Smart Ingest lets you pull data stored in your Databricks warehouse and push it to Iterable. Supported databases include serverless and classic SQL Databricks warehouses.
NOTE
Contact your Iterable customer success manager to discuss adding Smart Ingest to your plan.
Smart Ingest can only import data from Databricks.
In this article
Connection requirements
Before you can connect Smart Ingest to Databricks, you need to do the following:
Allowing Smart Ingest IPs in Databricks
Before connecting, make sure you have allowed Smart Ingest IPs in Databricks.
Databricks connection details
Smart Ingest connects to Databricks using Open Database Connectivity (ODBC).
To connect to Databricks, you need the following details:
- Server Hostname
-
Port - The default port number is
443
, but yours may be different. - HTTP Path
- (Optional) Catalog - Catalogs are the first level of Unity Catalog's three-level namespace. If you specify a catalog, only schemas from that catalog are available.
- Schema
- SQL Dialect - Databricks SQL (default) or ANSI SQL-92. By default, Smart Ingest assumes that your queries use the Databricks SQL dialect. You may wish to override this behavior if your queries use legacy ANSI SQL-92 syntax. (Some features are unavailable when legacy syntax is used.)
- Access Token
Connecting Databricks to Smart Ingest
Step 1: Set up Databricks
This section walks you through getting connection details for your Databricks cluster and using your credentials to connect to Smart Ingest.
In your Databricks account console, go to the Workspaces page. Select the relevant workspace and then click Open Workspace.
In your workspace, go to the Compute page and click the relevant cluster. This brings you to its Configuration tab.
At the bottom of the page, expand the Advanced Options toggle and open the JDBC/ODBC tab.
This tab displays your cluster's Server Hostname, Port, and HTTP Path. Keep the tab open, or save these details to a secure location.
Create a Personal Access Token by following the Databricks guide.
Once you've saved these Databricks credentials, you're ready to set up the connection in Iterable.
Step 2: Connect to Databricks
To connect your Databricks warehouse to Smart Ingest:
Log in to Iterable as a user with the Manage Integrations project permission and open the project you’re working on.
Go to Integrations > Smart Ingest.
Click Connect a New Source.
Select Databricks, then click Continue.
-
In Step 1, enter your connection details for Databricks:
- Server hostname
- Port
- HTTP path
- Catalog (optional)
- Schema
- SQL dialect: select Databricks SQL (default) or ANSI SQL-92
-
In Step 2, choose from the Lightning or Basic sync engine. Lightning is faster and more efficient, but requires the database user to have write access. Basic is slower and less efficient, but doesn’t require write access.
To view the additional permissions required for the database user, select the Lightning sync engine. These permissions are necessary for Smart Ingest to create and manage the sync schema, and are customized based on the other inputs you provide in the source setup form.
To learn more about sync engines, read Optimizing Smart Ingest Sync Performance.
NOTE
Smart Ingest is co-developed by Iterable and Hightouch. Hightouch is a data processor for this feature. Smart Ingest data operations and schemas may contain the Hightouch name, but the feature is fully supported by Iterable.
In Step 3, enter your Access Token.
Click Continue. Smart Ingest automatically tests the connection.

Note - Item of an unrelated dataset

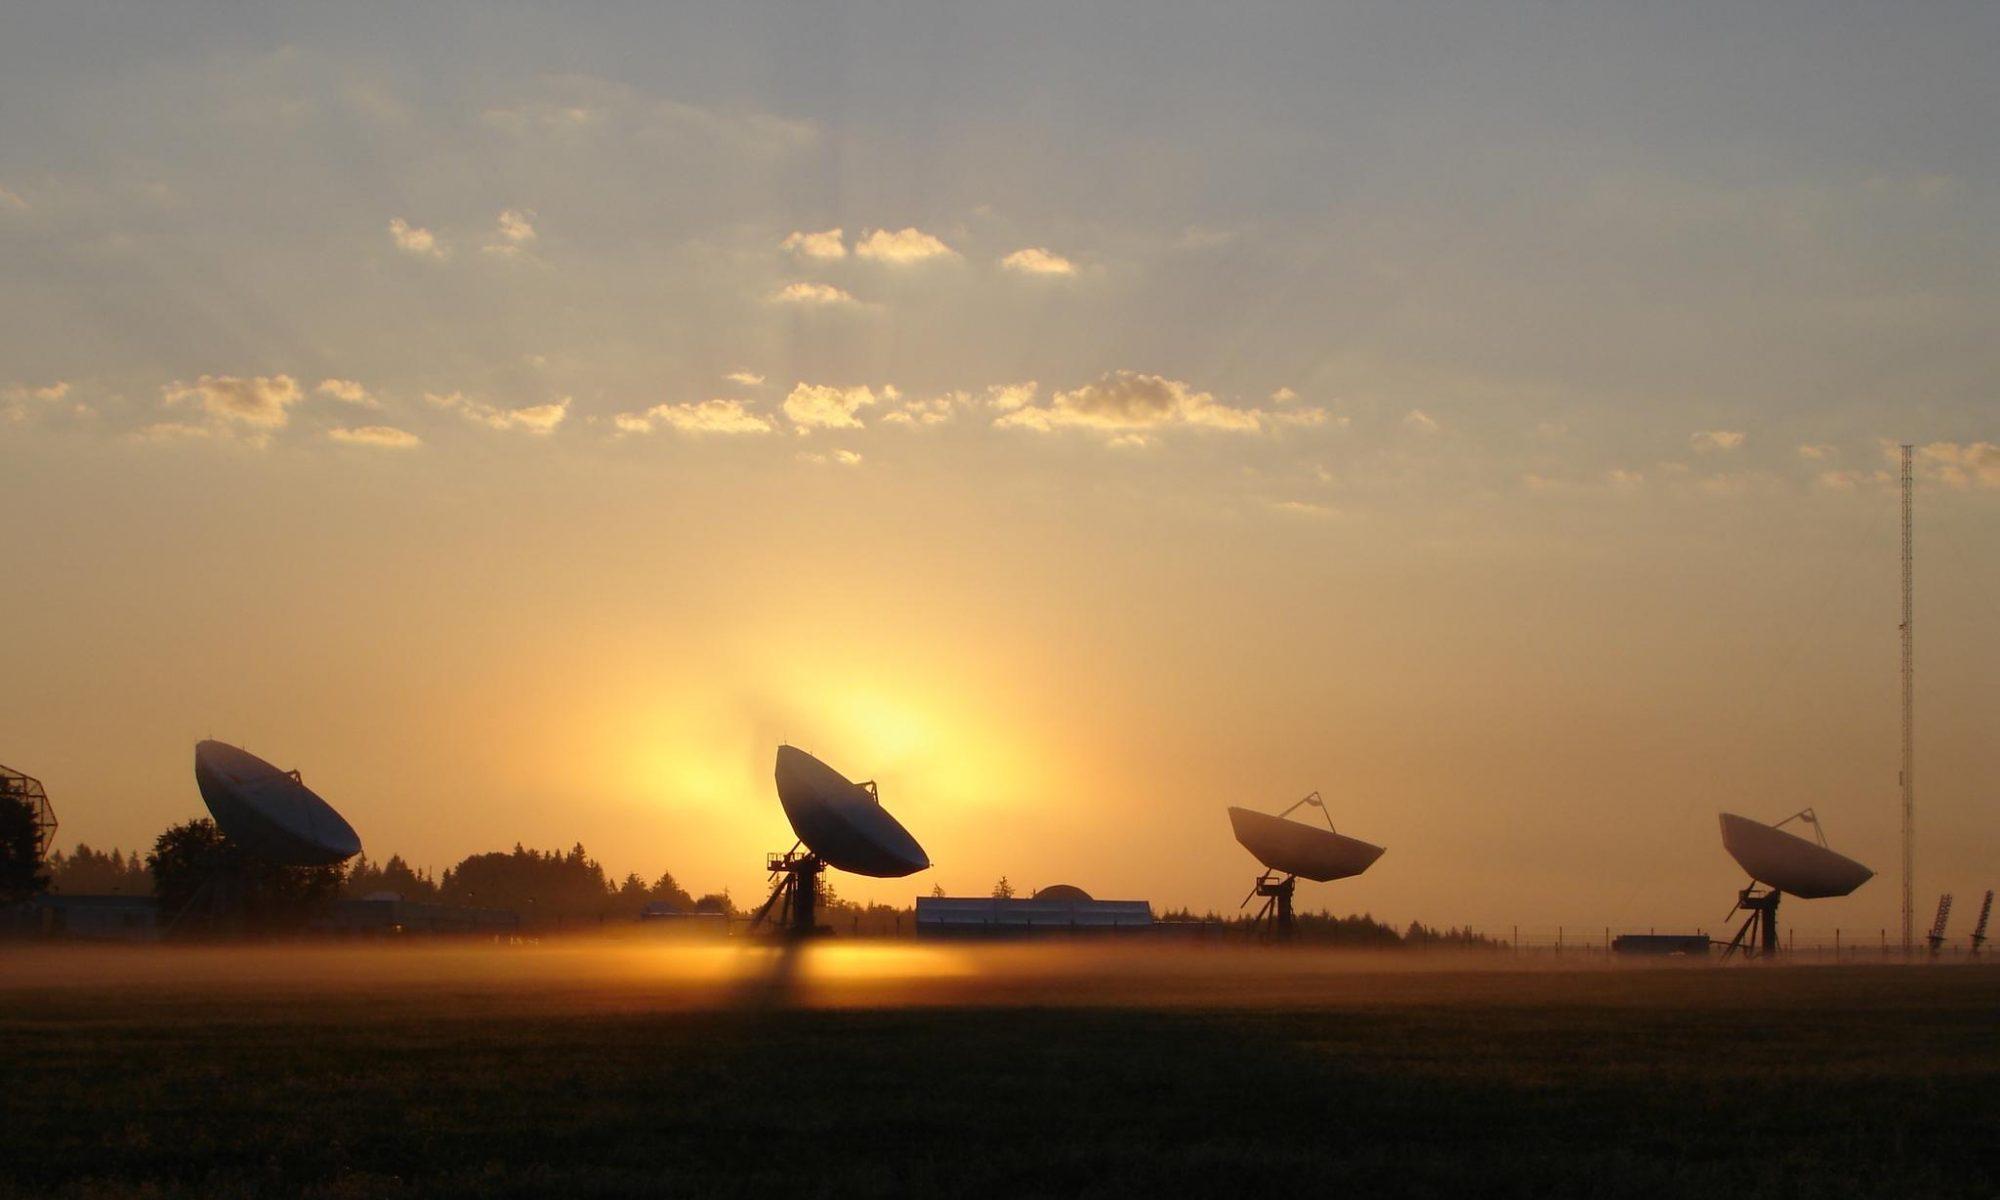 Спутниковый телепорт / teleport satellite

When the connection test is successful, click Continue. (If there are problems connecting, click Back and review the connection details for accuracy.)
Add a name for your data source. This is for display in Iterable.
Click Finish.
Next steps
You've now connected your data warehouse to Smart Ingest. The next thing you can do is create a sync.
Troubleshooting Databricks
Unity Catalog support
Smart Ingest integrates with Databricks' Unity Catalog feature. During initial configuration, just make sure to include a catalog.
Subquery error
Some Databricks models return the following error:
java.lang.IllegalArgumentException: requirement failed: Subquery subquery#485, [id=#937] has not finished {...}.
This error can occur when the model query contains a subquery, especially when the subquery has an ORDER BY clause. For example:
SELECT user_query.* FROM ( SELECT * FROM default.subscriptions_table ORDER BY last_name ) user_query.*
The best way to resolve the error is to rewrite your model query to remove subqueries. As an alternative, common table expressions (CTE) are supported.
Error connecting to the database. Unauthorized/Forbidden: 403
This error can occur when testing the source connection or when running a sync that uses a Databricks model. It is typically caused by an expired Databricks access token. To solve this, generate a new token and insert it in the source configuration.